A: I am excited about the overall future prospects for our business given our recent investments in plant infrastructure, information systems, and product research and development. West is well positioned to address the global drivers of the injectable drug market based on what we perceive to be th major trends – an aging population in western markets requiring greater treatment of chronic diseases, increased access to healthcare in emerging markets, rising generic volume, new biologic products coming through the approval process, and the need for safe, accurate, easy-to-use self-administration systems.

In our device business, there are several projects underway that have significant potential. More than 15 years ago, our Daikyo partners developed a unique polymer resin, Crystal Zenith®, for use as an alternative to glass in primary packaging. The material has been used extensively in Japan for contrast media and a range of biologic drugs. We have been developing a 1 mL insert needle syringe based on the Crystal Zenith polymer that eliminates the glue used to set the needle, tungsten particulate, and silicone oil-in-glass syringes while offering superior break resistance. The Crystal Zenith polymer also has great flexibility in that it can be molded into complex shapes for custom containers and can be used throughout the life cycle of a drug from bulk storage to vials to prefilled syringes to custom cartridges. In the biologic and oncology drug markets, it is becoming increasingly evident that advanced plastic systems will find a market.

We have been working on a number of autoinjector concepts in addition to a novel platform based on a patch injector that can be used to administer volumes larger than 1 mL over an extended period of time.

On the packaging side, we recently introduced NovaPure® components developed in accordance with the principles of Quality by Design or QbD. The QbD philosophy results in a product of superior quality attributes by incorporating an analysis of raw materials, process capabilities, design, and manufacturing methods collectively, building quality into the product.

In terms of our manufacturing footprint, we have completed our first elastomer facility in China, which is now operational, and will begin production from our first facility in India in early 2014. Due to volume growth in key product lines, we are also undergoing a major conversion at our Kinston, N.C., facility.

Q: Global healthcare needs and regulations evolve on a day-to-day basis. How has pharma globalization impacted West?

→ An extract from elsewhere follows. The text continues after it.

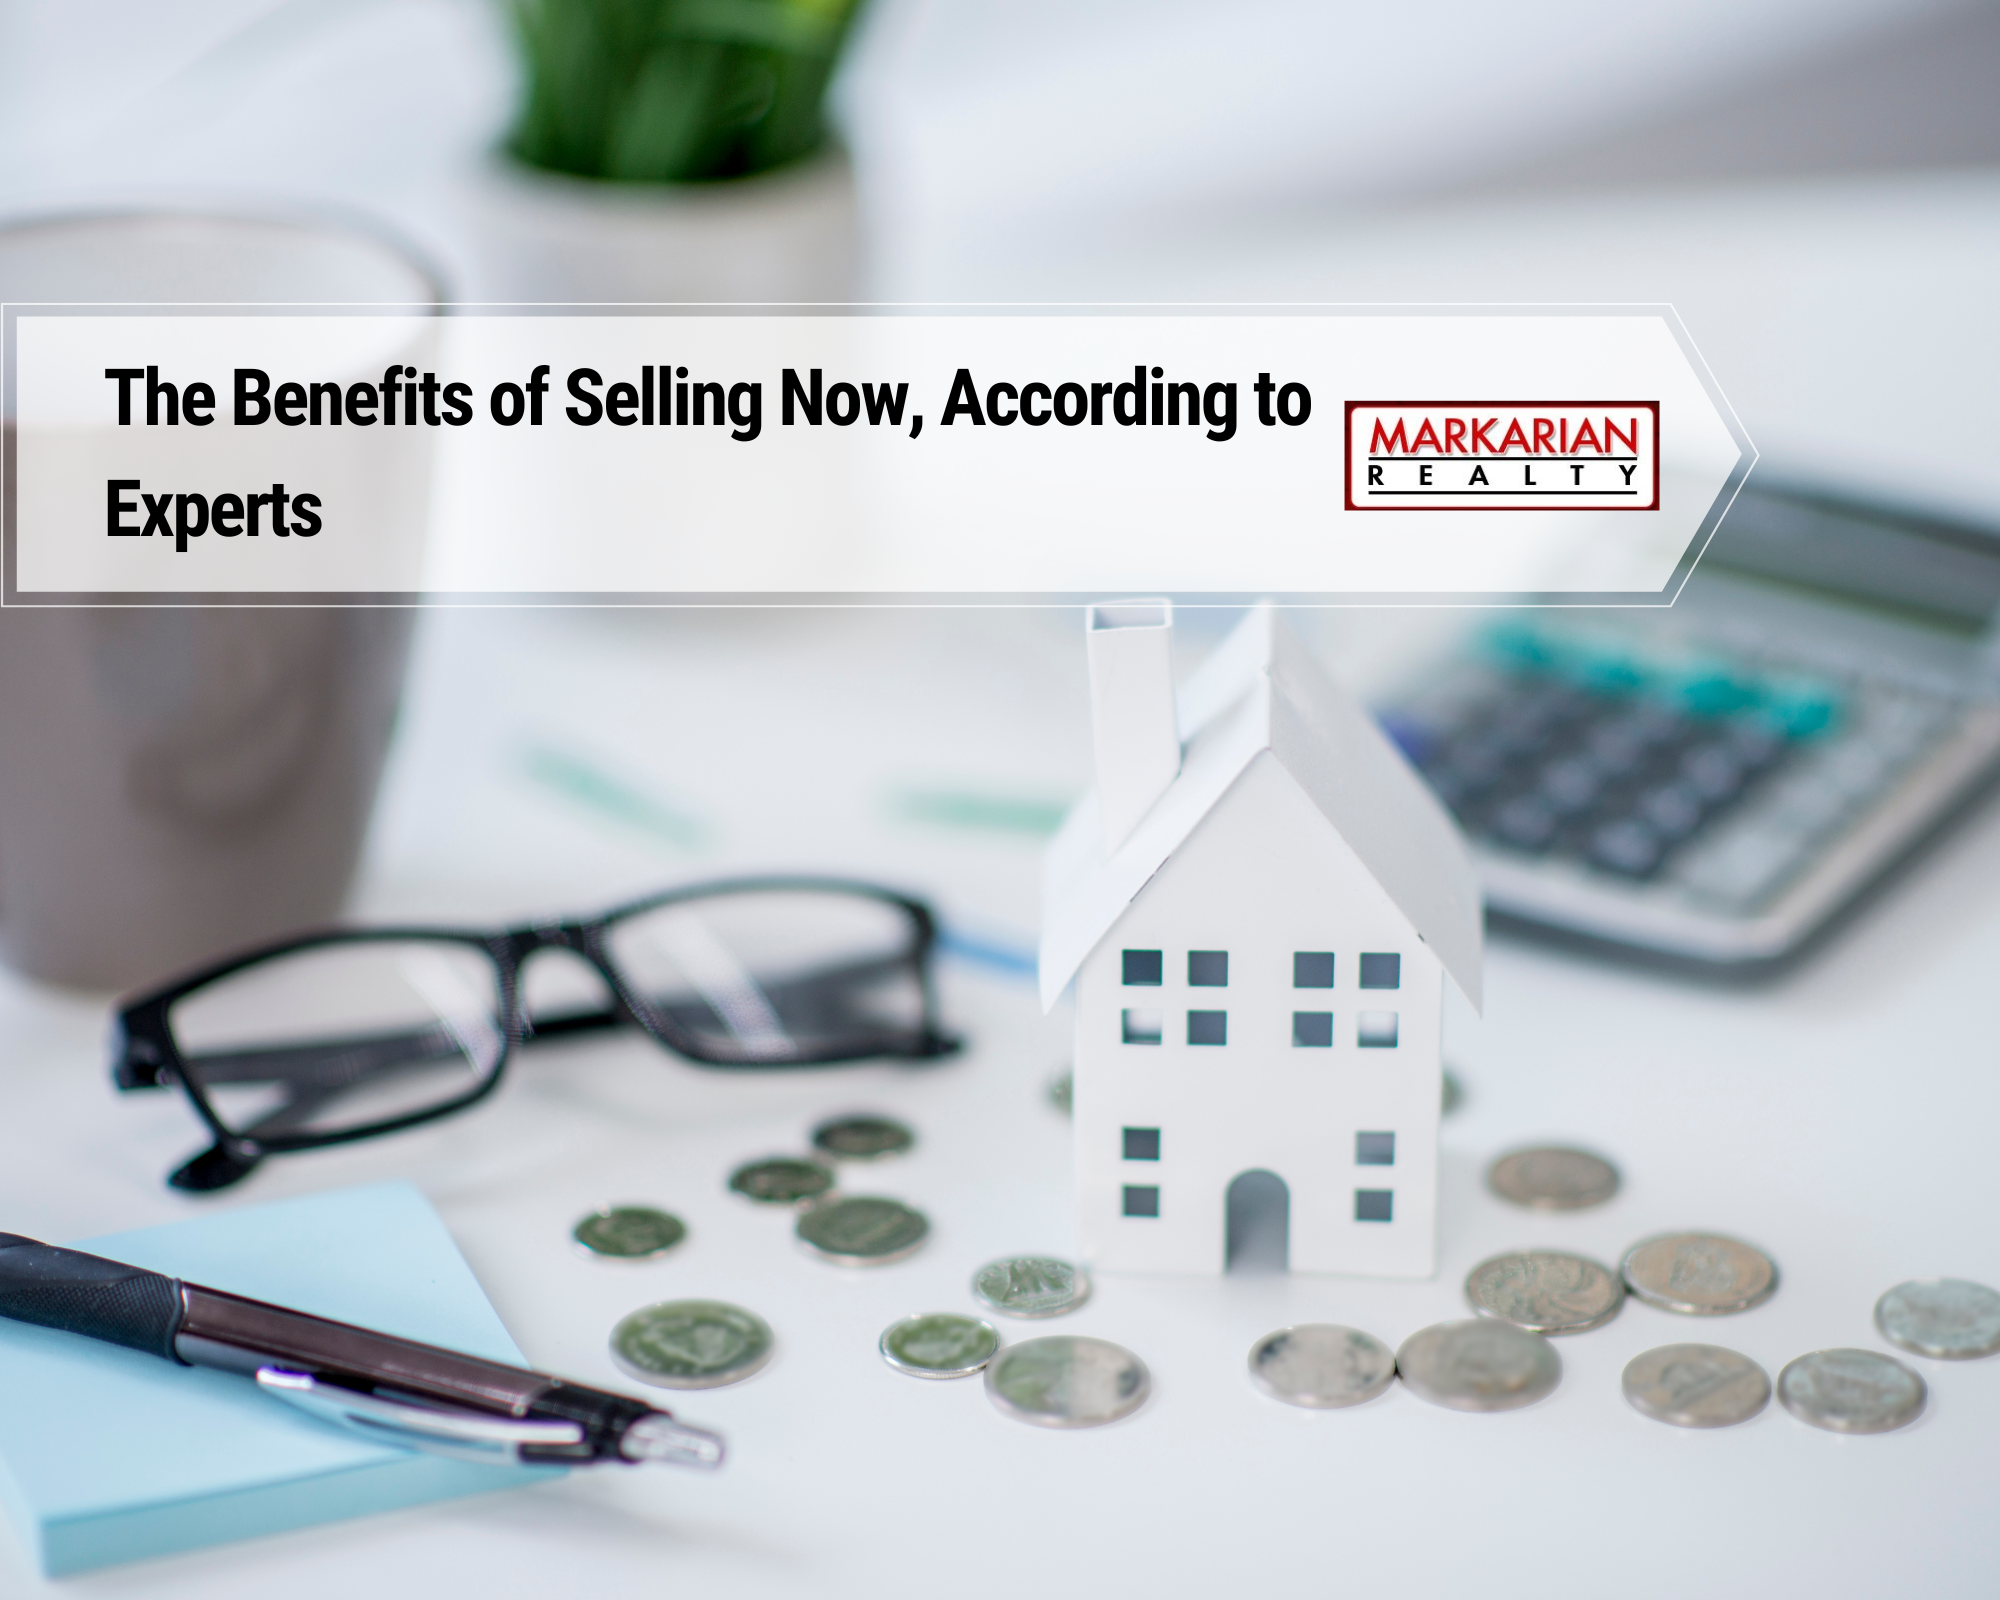 The Benefits of Selling Now, According to Experts

A: In terms of globalization, the primary impact on West is the ever-increasing complexity of the business in terms of supply chain, varying regulatory requirements, and understanding local market nuances. For example, in certain geographic regions, Luer syringes are used almost exclusively whereas in other markets, fixed needle systems are preferred. In China, the market is converting from glass IV systems to flexible bags and blown bottles. There are numerous other examples that add SKUs to the business and the associated costs of managing them. We manufacture over 36 billion pieces annually composed of more than 4,500 SKUs that get consumed in the healthcare markets. Quality expectations increase year by year, not only in terms of cleanliness, but also delivery timing and accuracy. Our people must understand that full, complete adherence to cGMP is nonnegotiable and mandatory; our quality system must be uniform and well understood. For a US-based company, we must also ensure full compliance globally with provisions in the Foreign Corrupt Practices Act.

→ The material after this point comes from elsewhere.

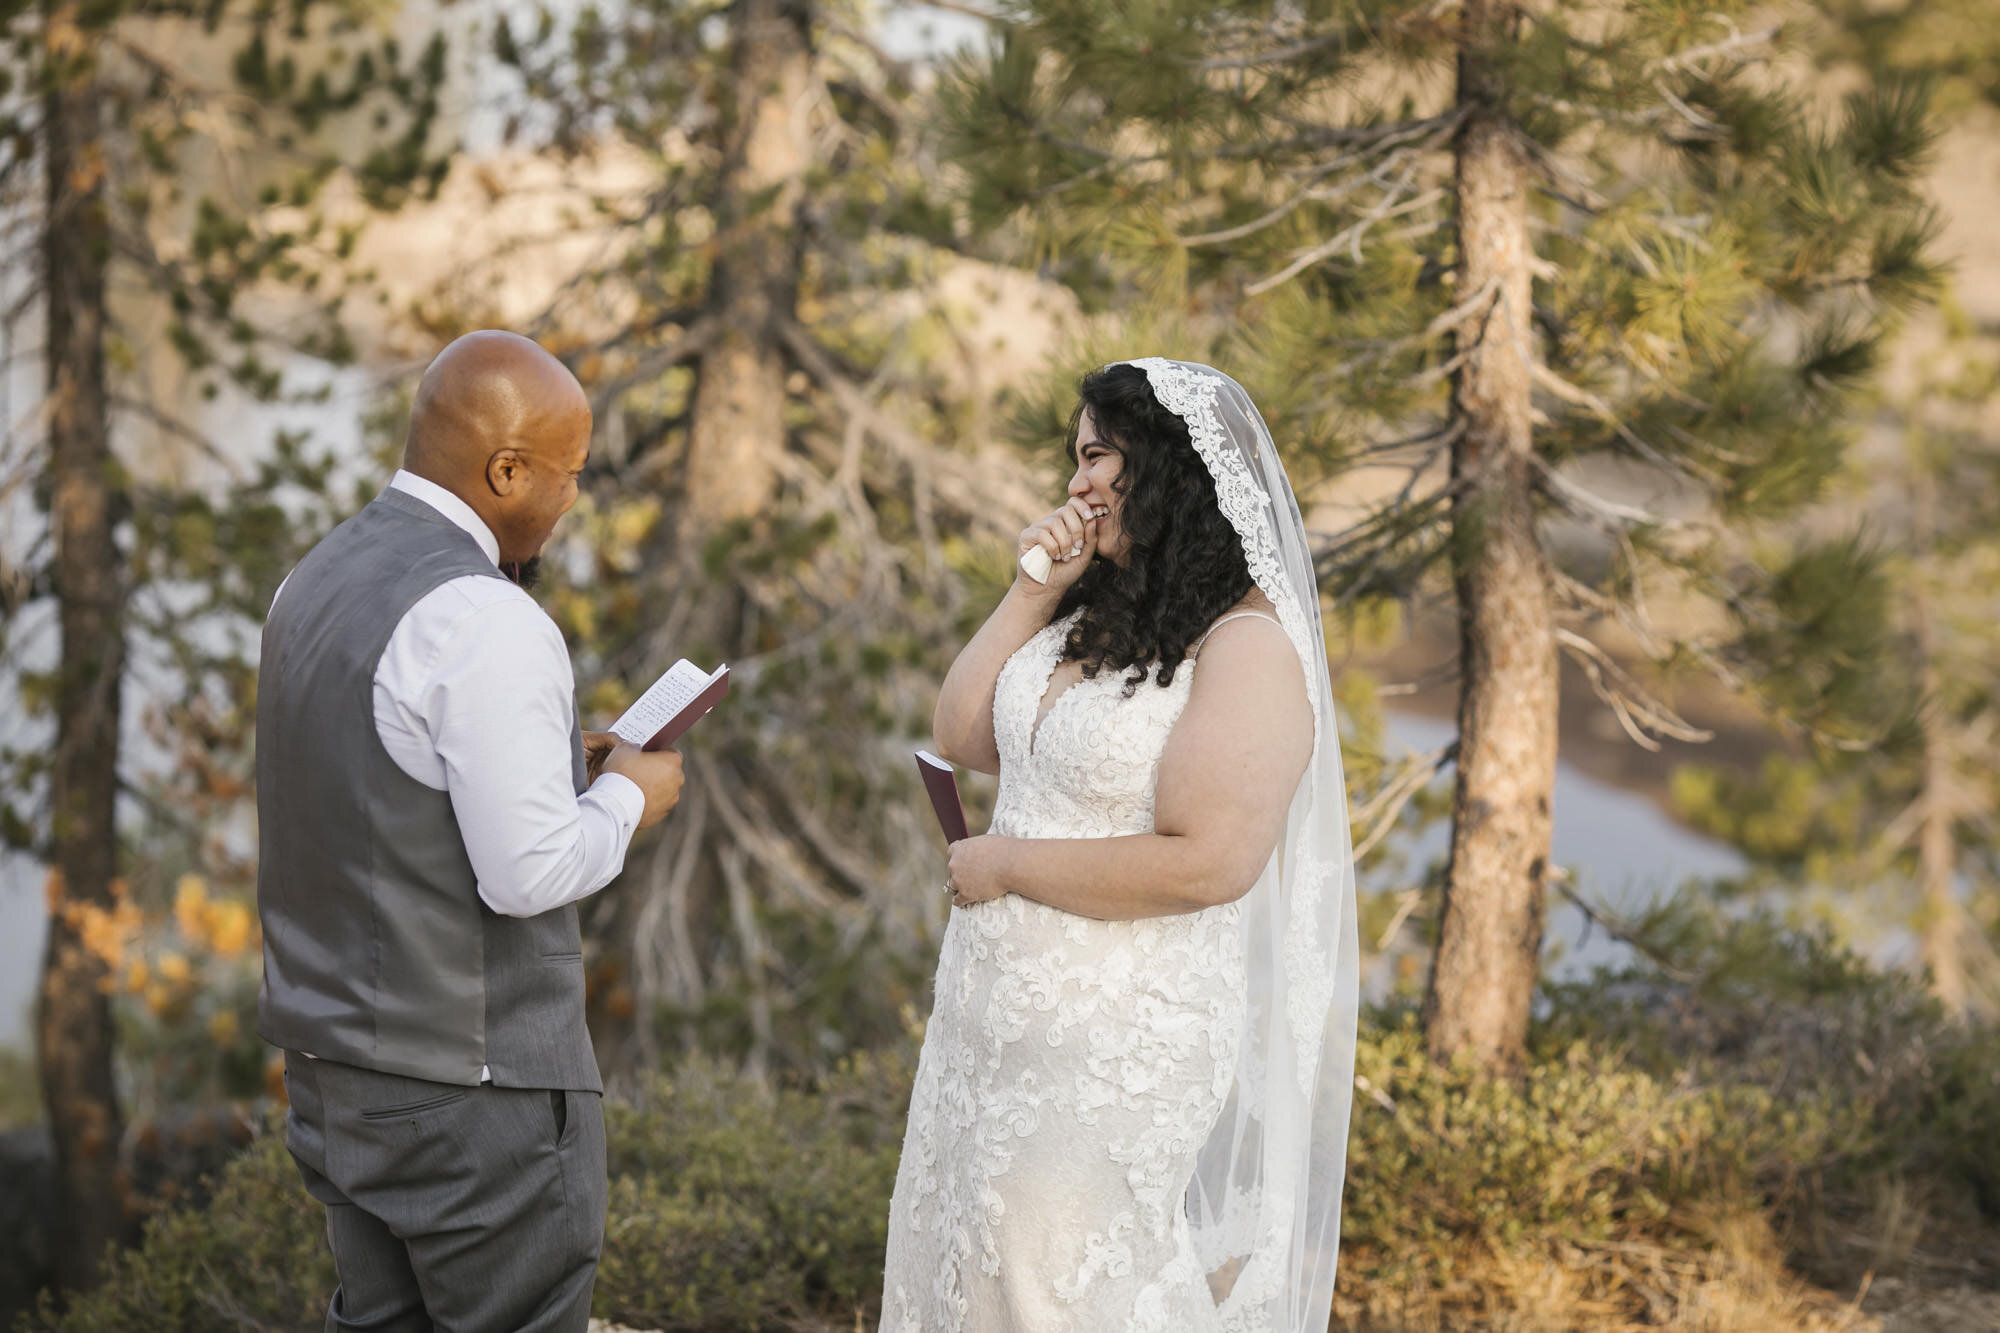 Bride laughs as her groom reads his wedding vows to her in the forest

We are measured by our conduct every day. The senior leadership team constantly communicates the expectations outlined in our corporate Code of Conduct. West plays an incredibly important role in the pharmaceutical supply chain globally. Our mission remains unchanged from H.O. West’s vision – to work side by side with our customers to bring the best possible products to market for the benefit of patients everywhere.

Daikyo Crystal Zenith® is a registered trademark of Daikyo Seiko, Ltd. Daikyo Crystal Zenith® technology is licensed from Daikyo Seiko, Ltd. NovaPure® is a registered trademark of West Pharmaceutical Services, Inc., in the United States and other jurisdictions.